Status: MVC Complete (Phase 12) Version: 1.0 Last Updated: 2025-01-15

Table of Contents

  1. Overview
  2. User Guide
  3. Technical Overview
  4. Operator Guide
  5. Security Considerations
  6. FAQ

Overview

Social recovery allows users to regain access to their ICN identity if they lose all their devices. Instead of relying on seed phrases or backup files (which can be lost or stolen), social recovery uses a network of trusted contacts (trustees) who can collectively vouch for your identity through out-of-band verification.

Key Features

  • M-of-N Trust Model: Configure how many trustees (M) need to attest out of total trustees (N)
  • Delay Period: Fraud protection window where the original owner can cancel
  • Identity Migration: Trust relationships and ledger balances automatically transfer to new DID
  • Gossip-Based: Distributed coordination with no central authority
  • Audit Trail: Complete history of attestations and recovery events

When to Use

Social recovery is appropriate when:

  • ✅ You've lost all devices with your ICN identity
  • ✅ You cannot access your encrypted keystore
  • ✅ You have pre-configured trustees who can verify your identity

Social recovery is NOT for:

  • ❌ Compromised keys (use key rotation instead)
  • ❌ Single device loss when you have others (use device management)
  • ❌ Password reset (use passphrase recovery)

User Guide

Setting Up Social Recovery

Prerequisites:

  • Active ICN identity
  • 2+ trusted contacts with ICN identities
  • Trust relationships established with those contacts

Step 1: Choose Your Trustees

Select people who:

  • Know you well personally
  • Are technically competent enough to use ICN
  • Are reachable through multiple channels (phone, video call, in-person)
  • Are geographically distributed (reduces attack surface)

Recommended: 3-5 trustees with 2-3 threshold (67% majority)

Step 2: Configure Recovery

# Example: 2-of-3 recovery with 24-hour delay
icnctl recovery setup \
  did:icn:alice,did:icn:bob,did:icn:carol \
  --threshold 2 \
  --delay 86400

Parameters:

  • Trustees: Comma-separated list of DIDs
  • Threshold: How many attestations needed (--threshold M)
  • Delay: Fraud protection period in seconds (default: 24 hours)
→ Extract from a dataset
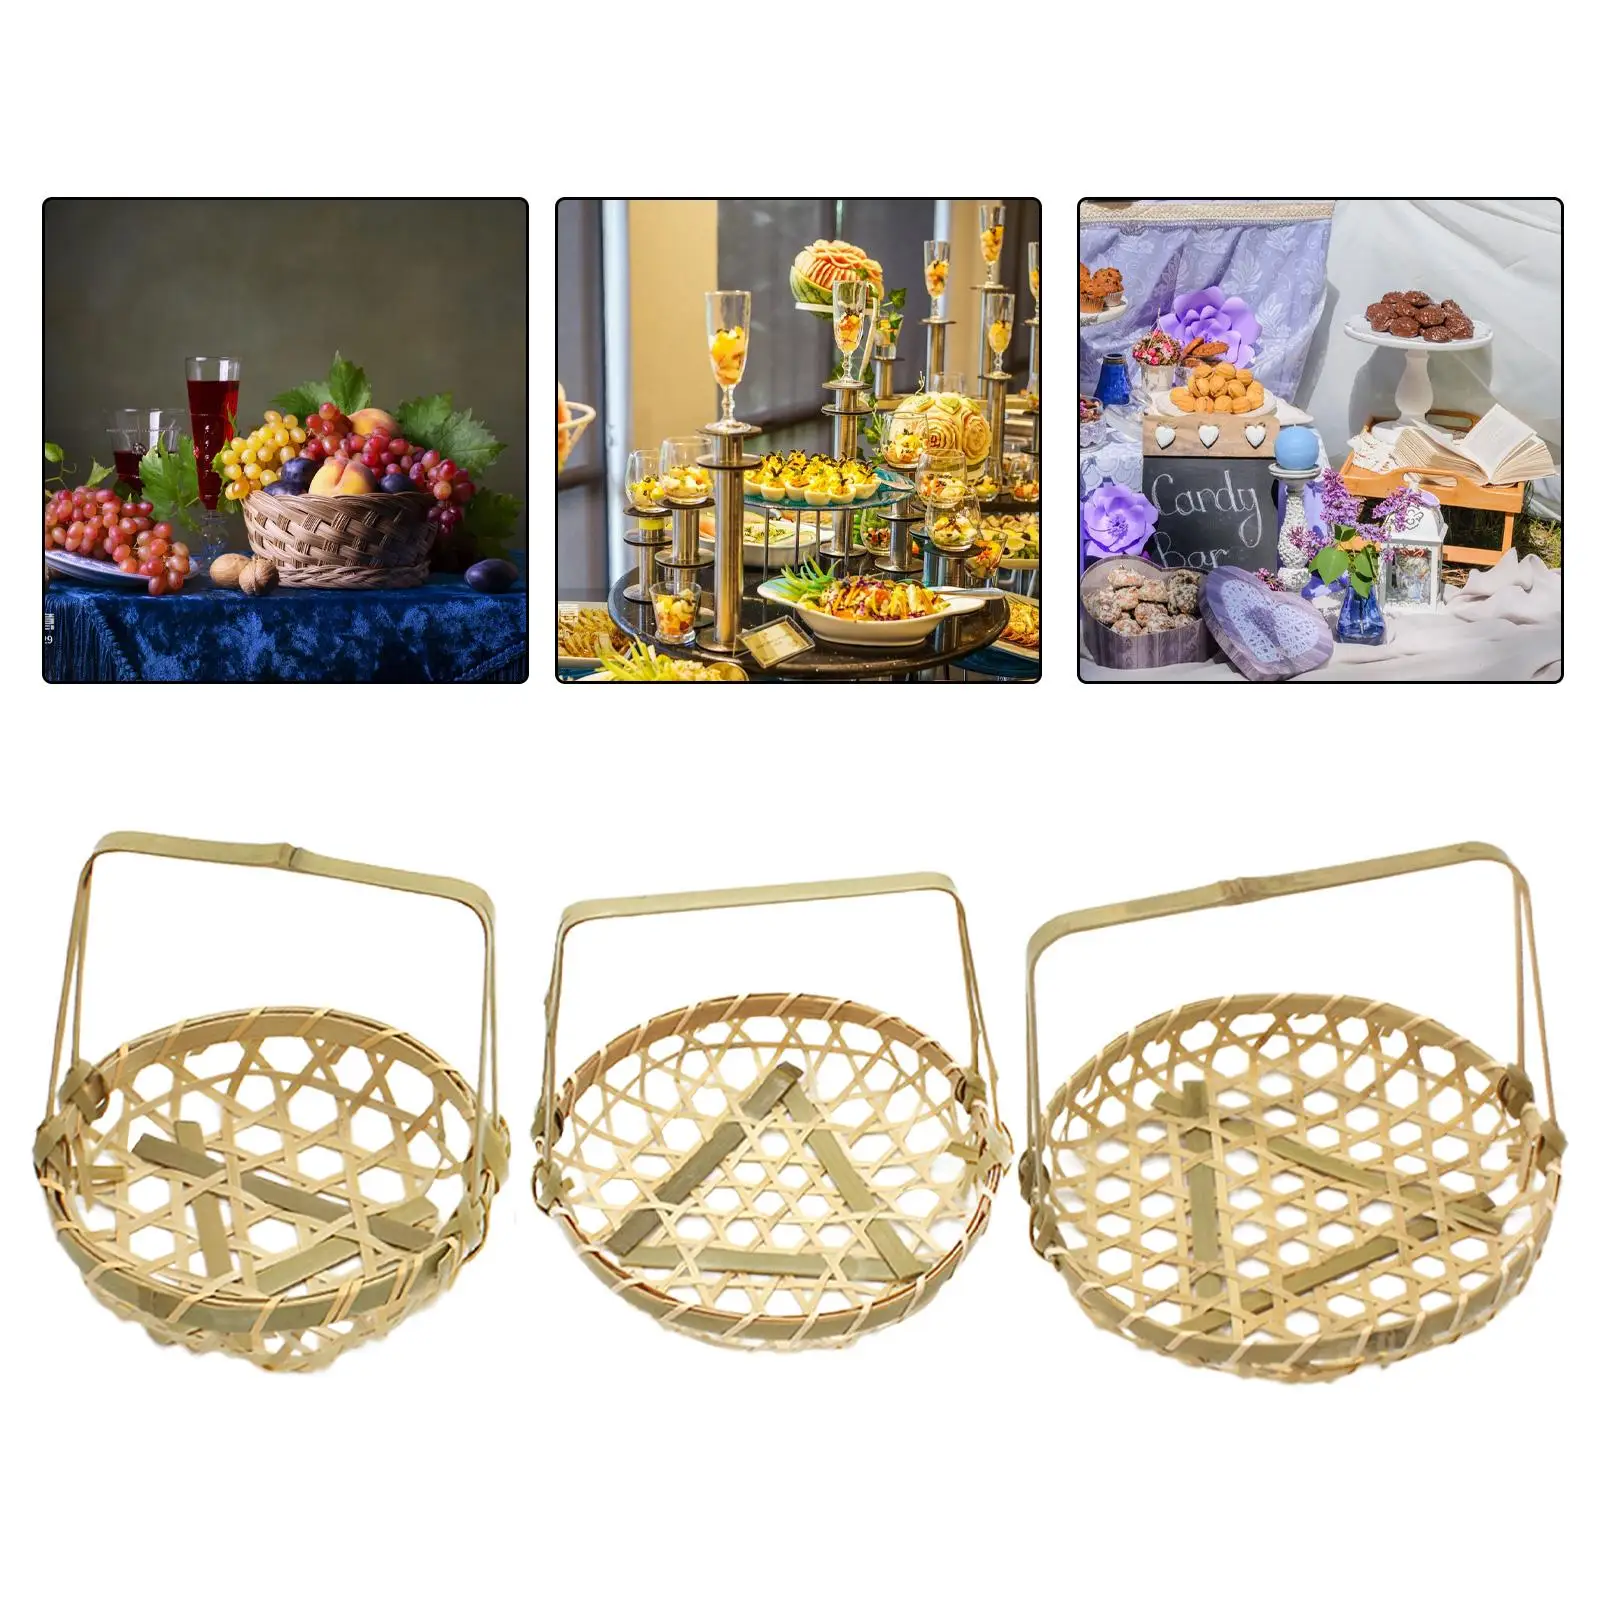 Bamboo Basket Elegant Flower Arrangement Shopping Basket Flower Basket Woven Basket for Living Room Party Banquet Bedroom Picnic

Step 3: Verify Configuration

icnctl recovery config

Output:

Recovery Configuration:
  Identity: did:icn:yourdid

Trustees (3):
  1. did:icn:alice
  2. did:icn:bob
  3. did:icn:carol

Threshold: 2 of 3
Delay period: 86400 seconds (24 hours)
Method: Social recovery (2-of-3)

Step 4: Inform Your Trustees

Contact each trustee and:

  1. Let them know they're your recovery trustee
  2. Explain how to verify your identity (video call, in-person, etc.)
  3. Share their recovery responsibilities

Initiating Recovery

When you've lost all devices:

Step 1: Create New Identity

On a new device:

# Initialize new ICN identity
icnctl id init

This creates a new DID that will become your recovered identity.

Step 2: Get Your New DID

icnctl id show

Note your new DID (e.g., did:icn:new123...)

Step 3: Contact Trustees

Reach out to your trustees through out-of-band channels (phone, video call, in-person) and provide:

  • Your old DID (the one you lost)
  • Your new DID (from step 2)
  • Proof of your identity (video call, shared secrets, etc.)

Step 4: Initiate Recovery

icnctl recovery initiate did:icn:olduser

This broadcasts a recovery request to the network.
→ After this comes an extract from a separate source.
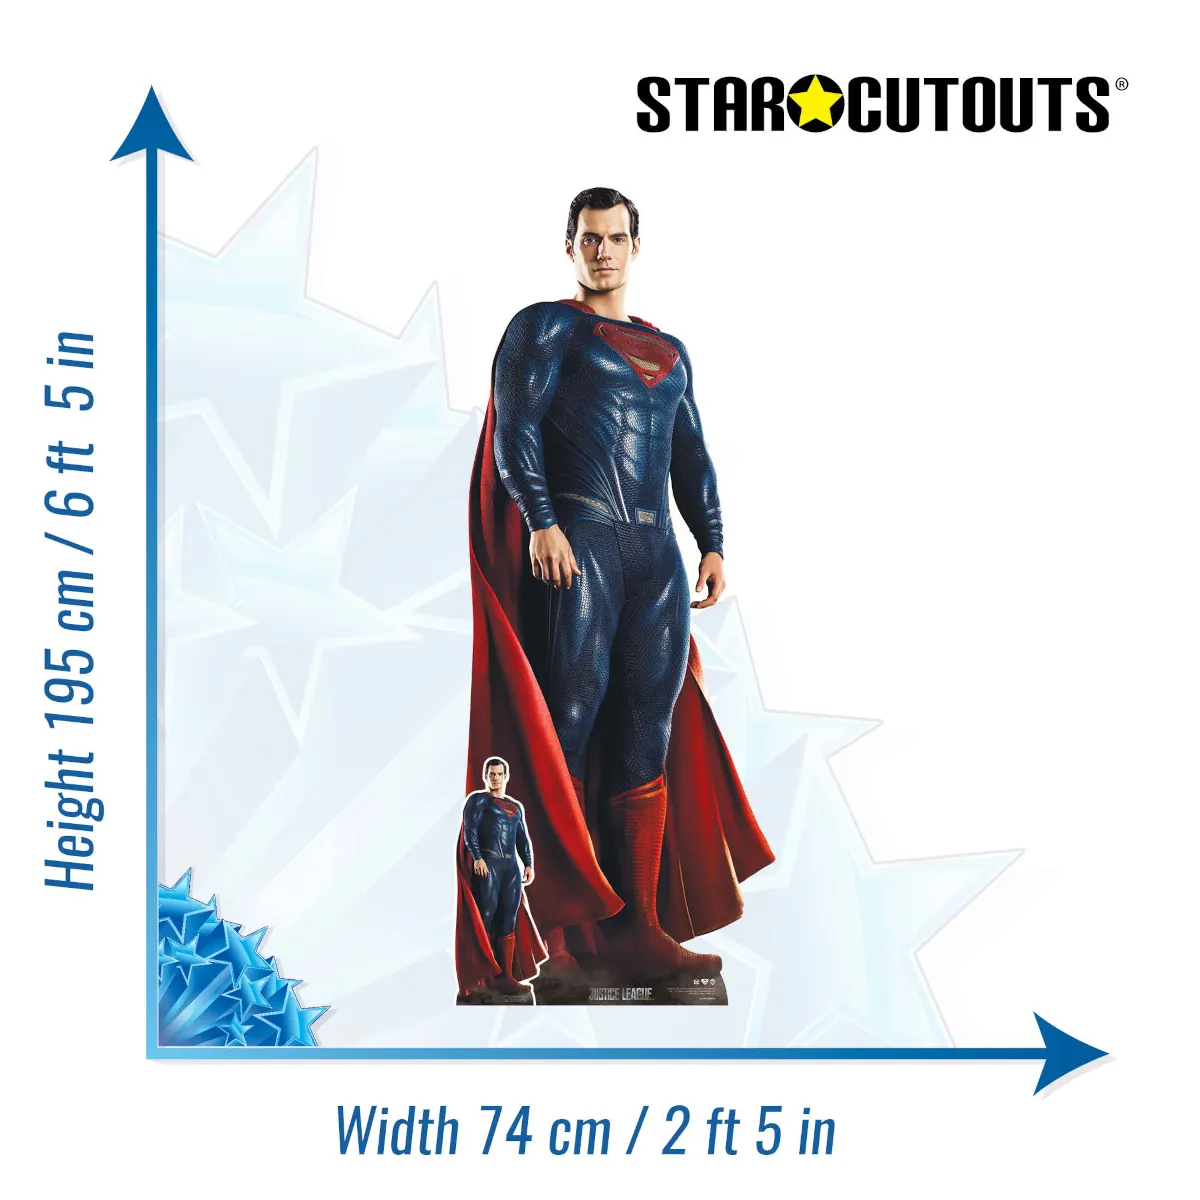 SC4189 Superman 'Justice League' (Henry Cavill) Official Lifesize + Mini Cardboard Cutout Standee Size

Step 5: Wait for Attestations

Your trustees will receive the recovery notification through the ICN gossip network. They need to:

  1. Verify your identity (video call, etc.)
  2. Attest to your recovery using icnctl recovery attest

Step 6: Monitor Progress

# Check recovery status
icnctl recovery status <recovery-id>

Output shows:

  • Threshold progress (e.g., "2 of 3 attestations received")
  • Current state (Pending, Delayed, ReadyToFinalize)
  • Attestation details

Attesting to a Recovery (Trustees)

When someone asks you to attest:

Step 1: Verify Identity Out-of-Band

Before attesting, you must verify the person's identity through:

  • ✅ Video call (see their face, hear their voice)
  • ✅ In-person meeting
  • ✅ Multi-factor verification (multiple channels)

DO NOT attest based on:

  • ❌ Text messages alone
  • ❌ Emails (easily spoofed)
  • ❌ Social media DMs

Step 2: Attest to Recovery

icnctl recovery attest \
  <recovery-id> \
  did:icn:olduser \
  did:icn:newuser \
  --verification "Video call on 2025-01-15, confirmed identity via shared history"

Parameters:

  • recovery-id: The unique recovery identifier
  • old_did: The DID being recovered
  • new_did: The new DID that will inherit the identity
  • --verification: Description of how you verified their identity

Step 3: Confirm

The system will prompt:

⚠️  IMPORTANT: You are attesting that you have verified the identity of the person
requesting recovery through out-of-band means (video call, in-person, etc.).

Attesting to a fraudulent recovery could harm the legitimate user.

Old DID: did:icn:olduser
New DID: did:icn:newuser

Proceed with attestation? [y/N]:

Type y and press Enter to confirm.

Finalizing Recovery

Once the threshold is reached and the delay period has expired:

icnctl recovery finalize <recovery-id>

This triggers:

  1. Trust Graph Migration: All edges from old_did → new_did
  2. Ledger Transfer: All balances from old_did → new_did
  3. Finalization Broadcast: Network updated via gossip

Verification:

# Check new identity's trust relationships
icnctl trust list

# Check new identity's ledger balances
icnctl ledger balance

Cancelling a Recovery

If you detect fraud (someone trying to steal your identity):

icnctl recovery cancel <recovery-id> "Fraudulent recovery attempt detected"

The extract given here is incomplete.